▸ **Work instruction**: Without including any images, please transcribe all the lines below exactly.

Collected data entries

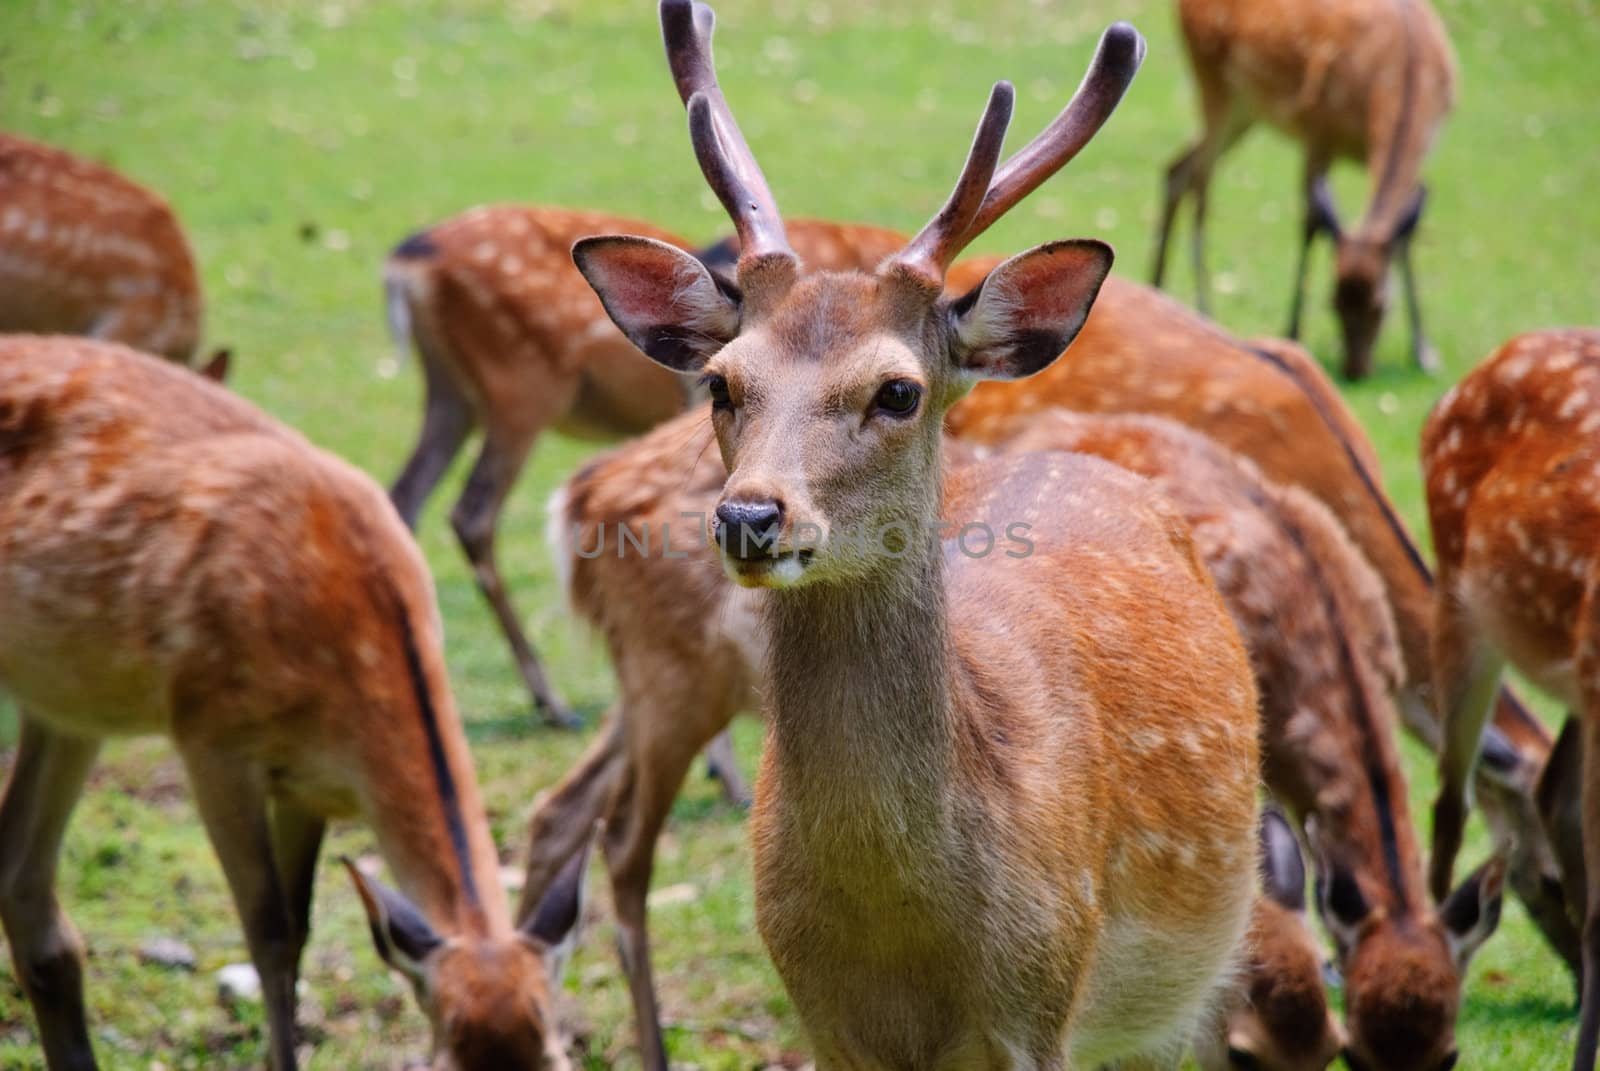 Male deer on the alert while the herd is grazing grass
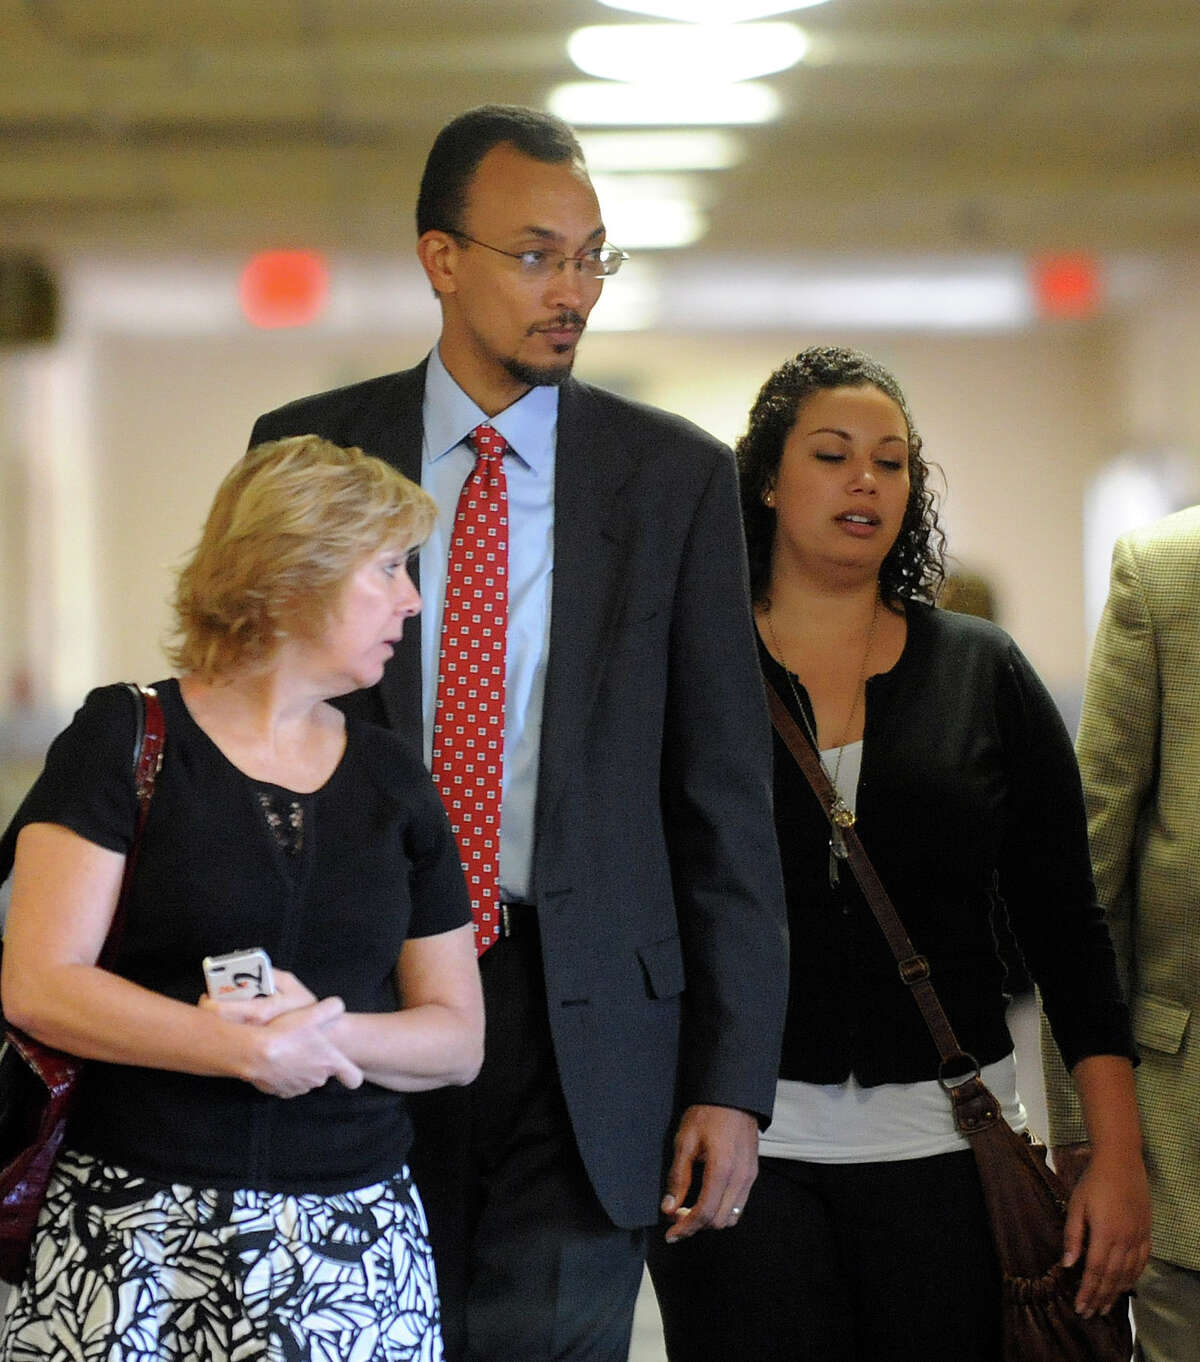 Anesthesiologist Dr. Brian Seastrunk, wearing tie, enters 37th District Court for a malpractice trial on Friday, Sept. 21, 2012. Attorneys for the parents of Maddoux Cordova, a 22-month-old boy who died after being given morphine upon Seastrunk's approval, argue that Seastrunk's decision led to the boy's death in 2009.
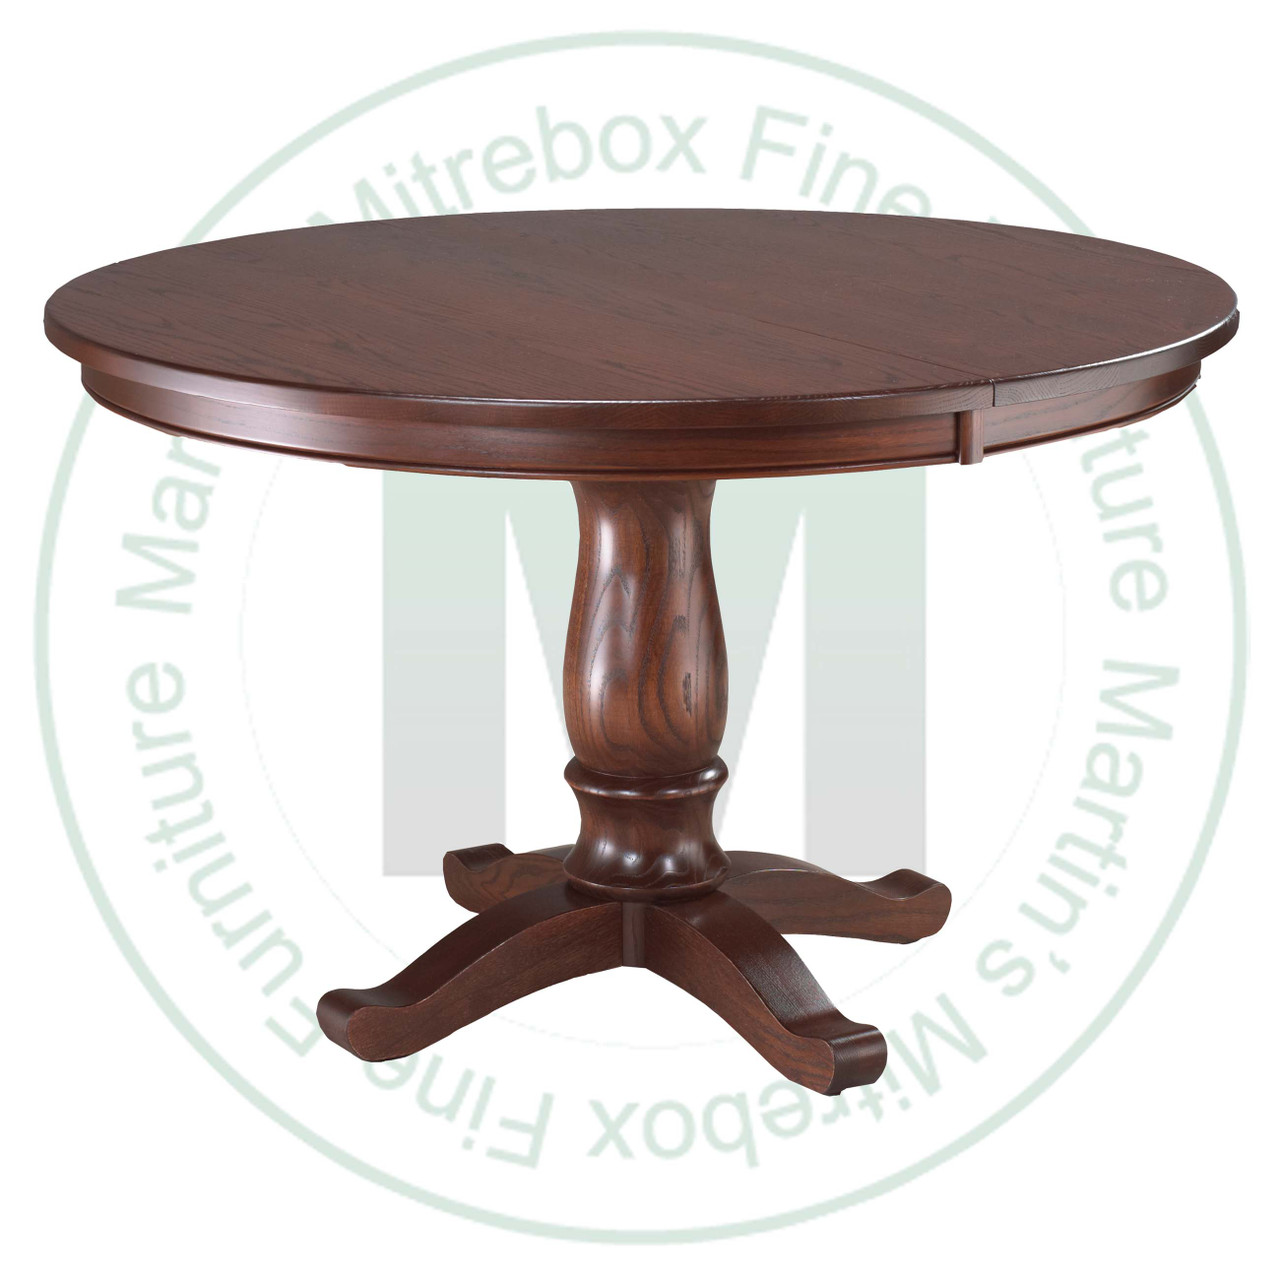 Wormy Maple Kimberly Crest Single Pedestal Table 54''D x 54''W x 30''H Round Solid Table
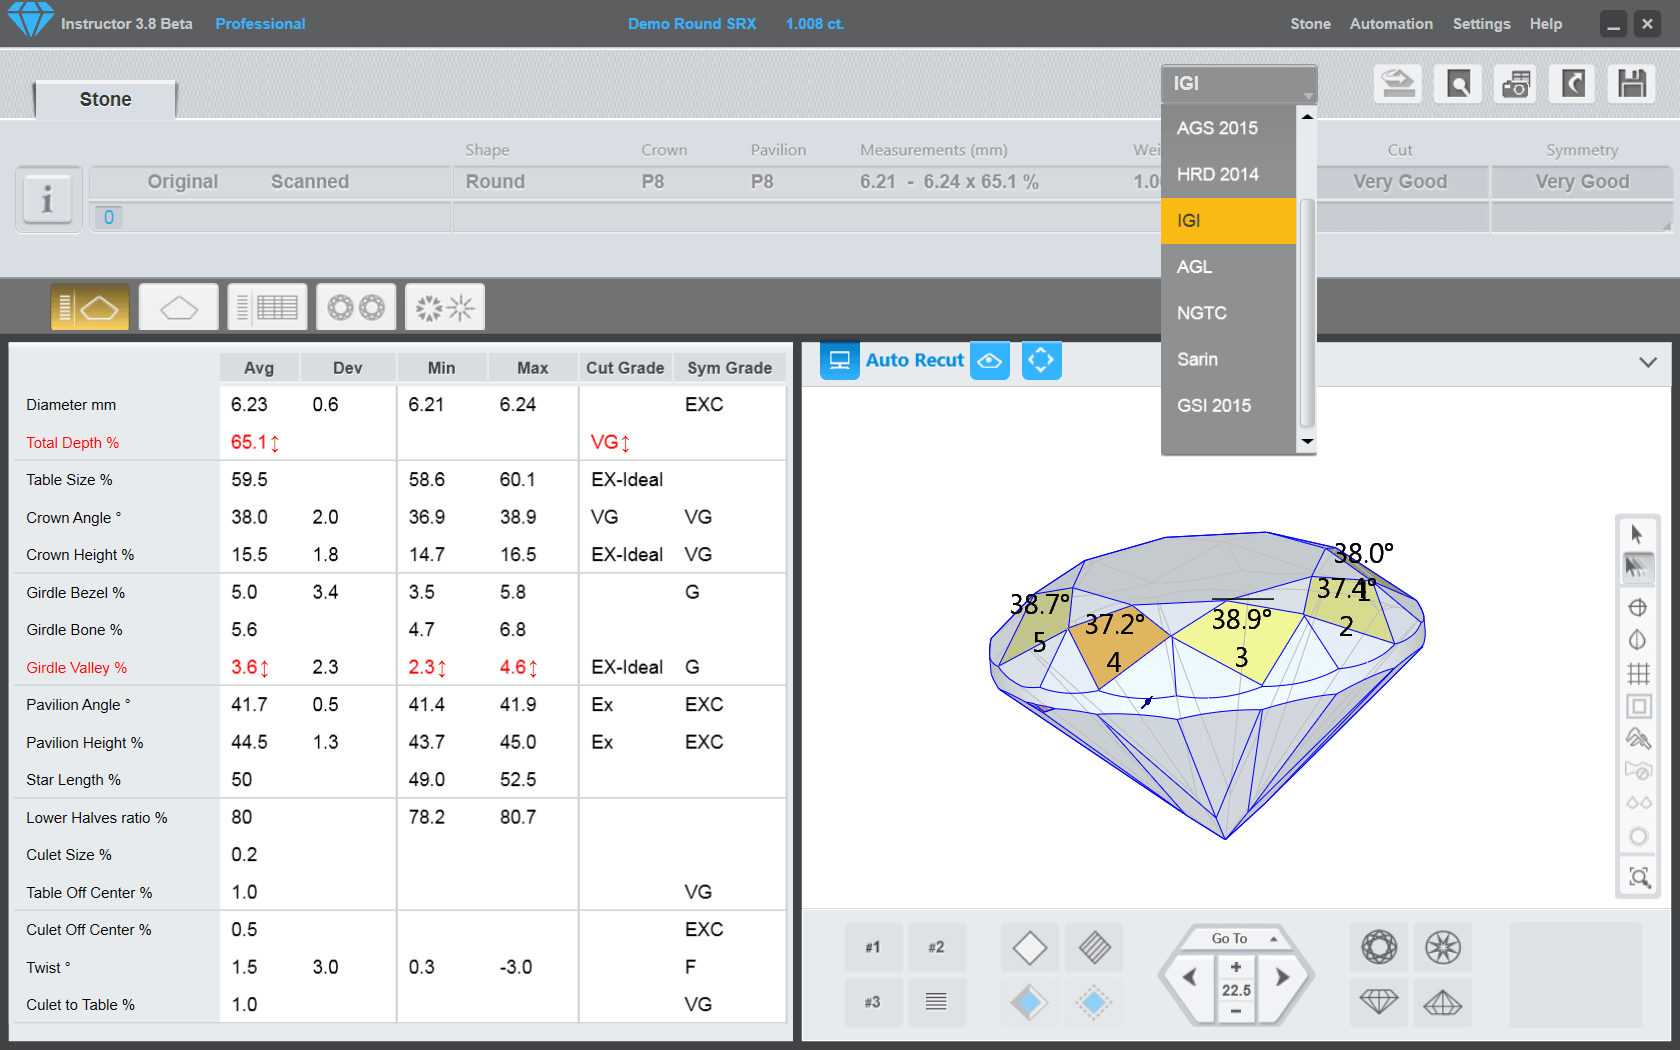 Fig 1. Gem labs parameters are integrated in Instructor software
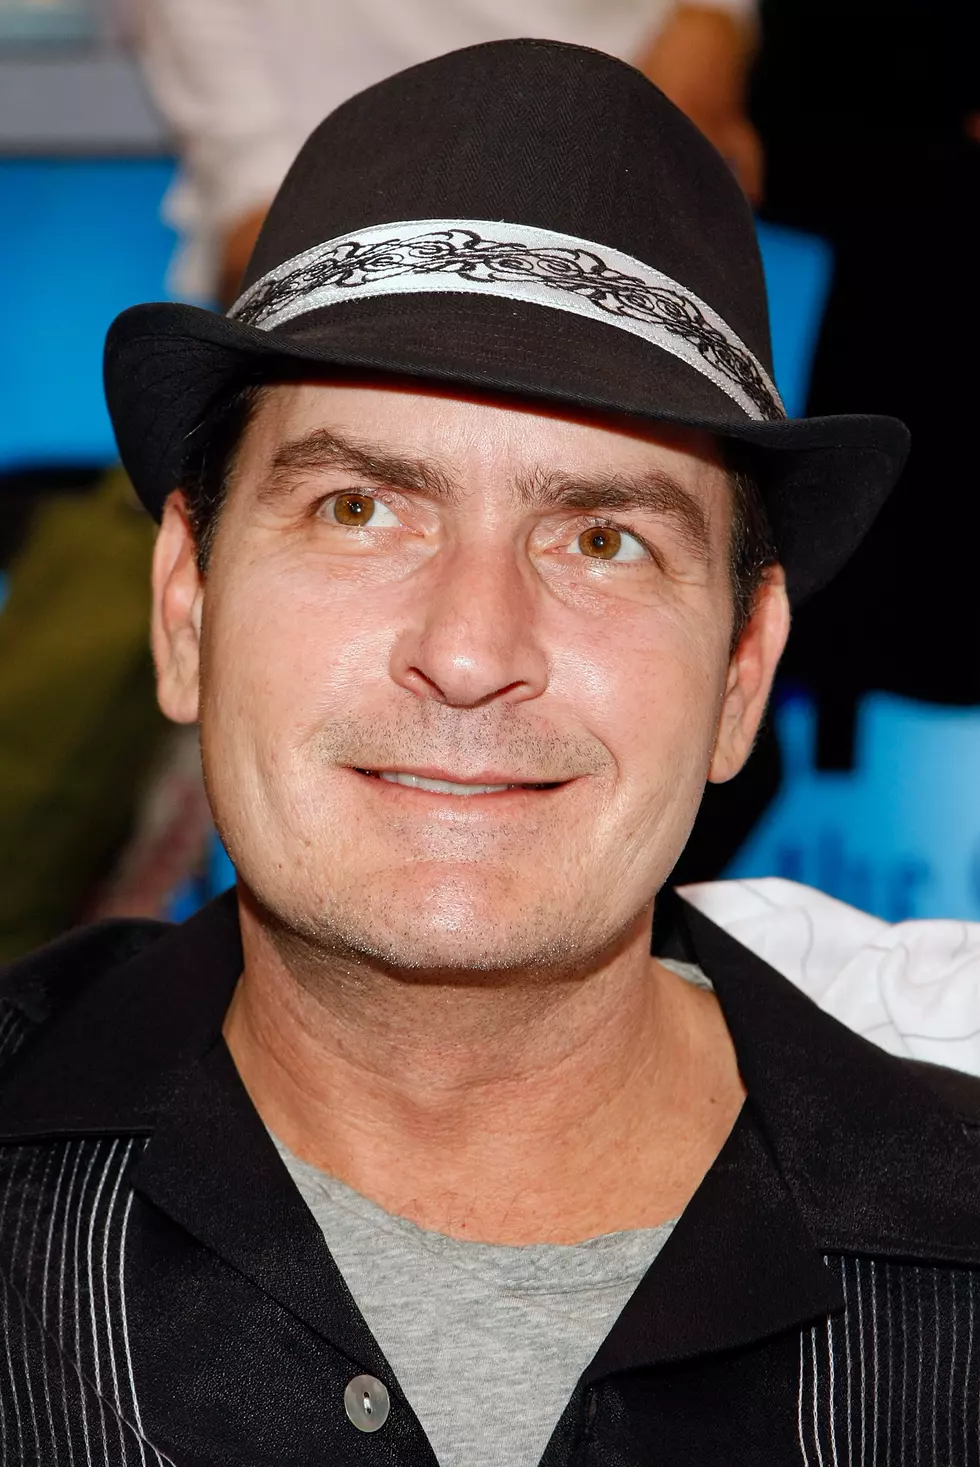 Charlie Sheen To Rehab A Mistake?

▸ **Expected output**:
 Male deer on the alert while the herd is grazing grass
 Anesthesiologist Dr. Brian Seastrunk, wearing tie, enters 37th District Court for a malpractice trial on Friday, Sept. 21, 2012. Attorneys for the parents of Maddoux Cordova, a 22-month-old boy who died after being given morphine upon Seastrunk's approval, argue that Seastrunk's decision led to the boy's death in 2009.
 Wormy Maple Kimberly Crest Single Pedestal Table 54''D x 54''W x 30''H Round Solid Table
 Fig 1. Gem labs parameters are integrated in Instructor software
 Charlie Sheen To Rehab A Mistake?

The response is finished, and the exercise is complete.